None of the banks, as far as I could tell, had the lists ready for the taking on a display rack as you enter the branch; you have to talk to someone first, and usually an account representative, not just a teller.

Banks in my personal survey did a bit better than those in PIRG’s, in that none refused to me give their fee schedule. Of the six branches I visited — Bank of America, Arvest, Bank of Arkansas, Regions, First Security and Bank of the Ozarks—I left just one, First Security, without a copy of the fee schedule in my hand. The young account representative was apologetic in explaining that he didn’t have any copies handy because the bank was trying to reduce paper by computerizing the information.

Unfortunately, he hadn’t been instructed where to find the digital fee schedule, he said, and his manager was with another customer and unavailable to help. He first offered to give me the information verbally and then said I could probably find it online at the bank’s Web site.

But when I said I wanted a list to take with me, he agreed to e-mail it to me later, if I didn’t want to wait. Sure enough, within an hour, the information was in my inbox. A quick look at the Web site, however, turned up no similar document online. I asked First Security for comment, but had not heard back from them by post time.

At the Bank of Arkansas, the teller first suggested the information was on a brochure she gave me. When that turned out to be incorrect, she checked with her manager before printing out a sheet that, upon close inspection, appeared incomplete; it didn’t appear to list a fee for a bounced check.

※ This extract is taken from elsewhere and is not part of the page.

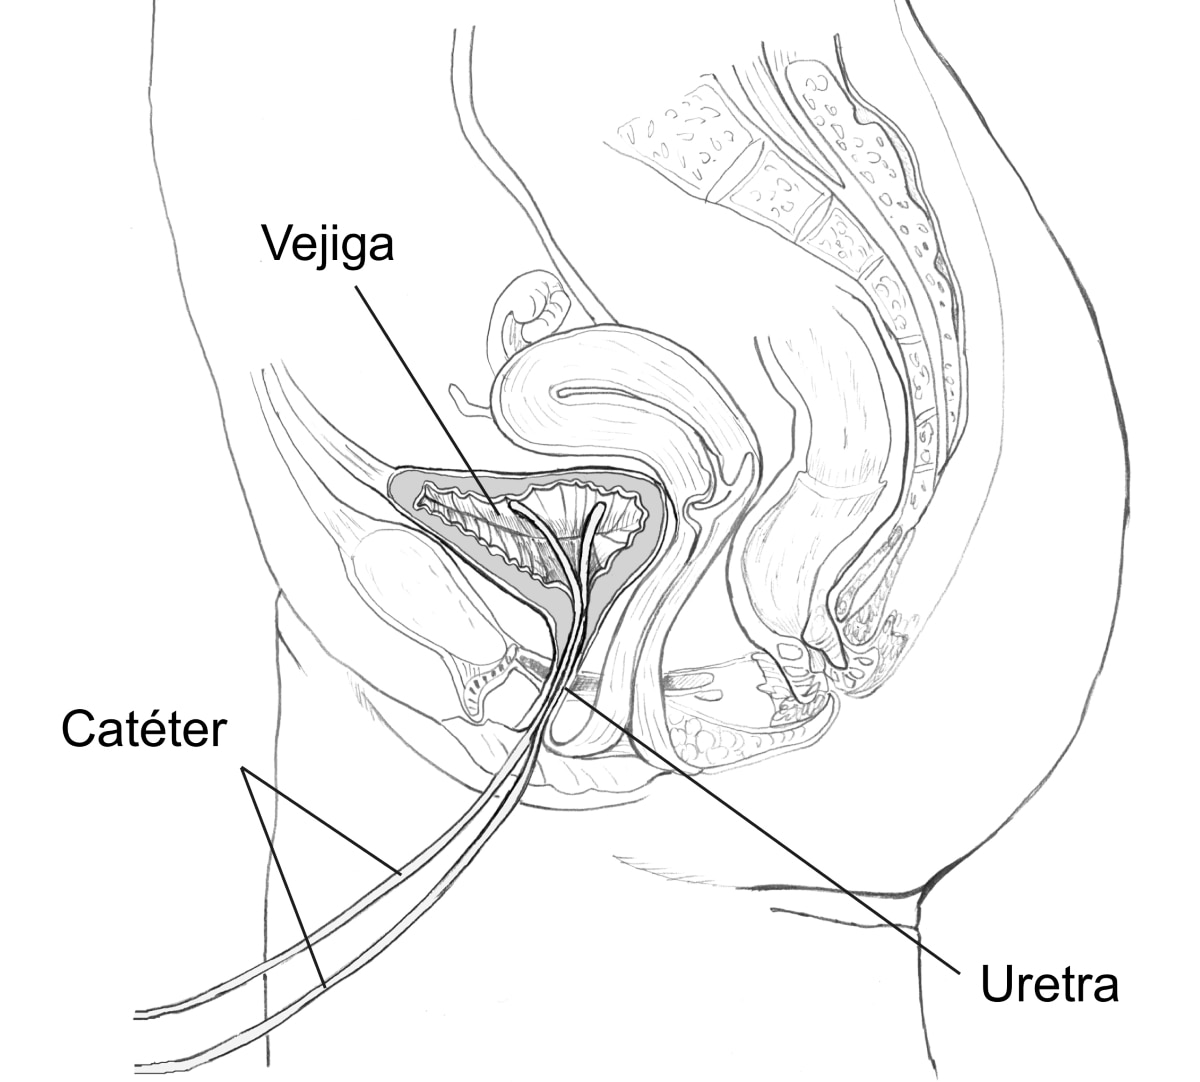 Dibujo de una vista lateral de las vías urinarias femeninas con catéteres insertados a través de la uretra hasta la vejiga. Los catéteres, la uretra y la vejiga están etiquetados.

Arvest gave me its fee schedule after I sat down and talked with an account representative and a trainee and answered some questions, like what my average balance was likely to be if I opened an account.

At Bank of America, a teller directed me to a chair to wait for a manager, who then asked me if I had a few minutes to chat. When I said I didn’t, she went and retrieved a fat binder that included, along with glossy marketing materials, a fee disclosure pamphlet.

At Bank of the Ozarks, I was ushered to a small office where there was a fee disclosure pamphlet in a desktop holder. The representative, however, said she wasn’t sure that one was current, so she’d be happy to tell me what the fees were. When I said I preferred a list I could take with me, she printed one from her computer.

Regions Bank also printed the fees, after a short chat with a representative who walked me through their checking account options.

My experience and the PIRG report suggests that while most banks comply when nudged, they can make it easier for prospective customers to obtain their fee schedules, in person and online, so consumers can compare the real costs of doing business with a particular institution.

The documents, for example, indicate a wide range of fees for bounced checks (less than $16 for most accounts at Arvest, compared with $35 at Bank of America; a $1 fee at Bank of the Ozarks for using another bank’s ATM, compared with $2 for Regions).

PIRG’s report recommends that the new Consumer Financial Protection Bureau extend the Truth In Savings requirements to the Internet and that banks be required to list fees in a searchable format to make them easier to find.

What has your experience been? Have you found it easy to compare fees among banks?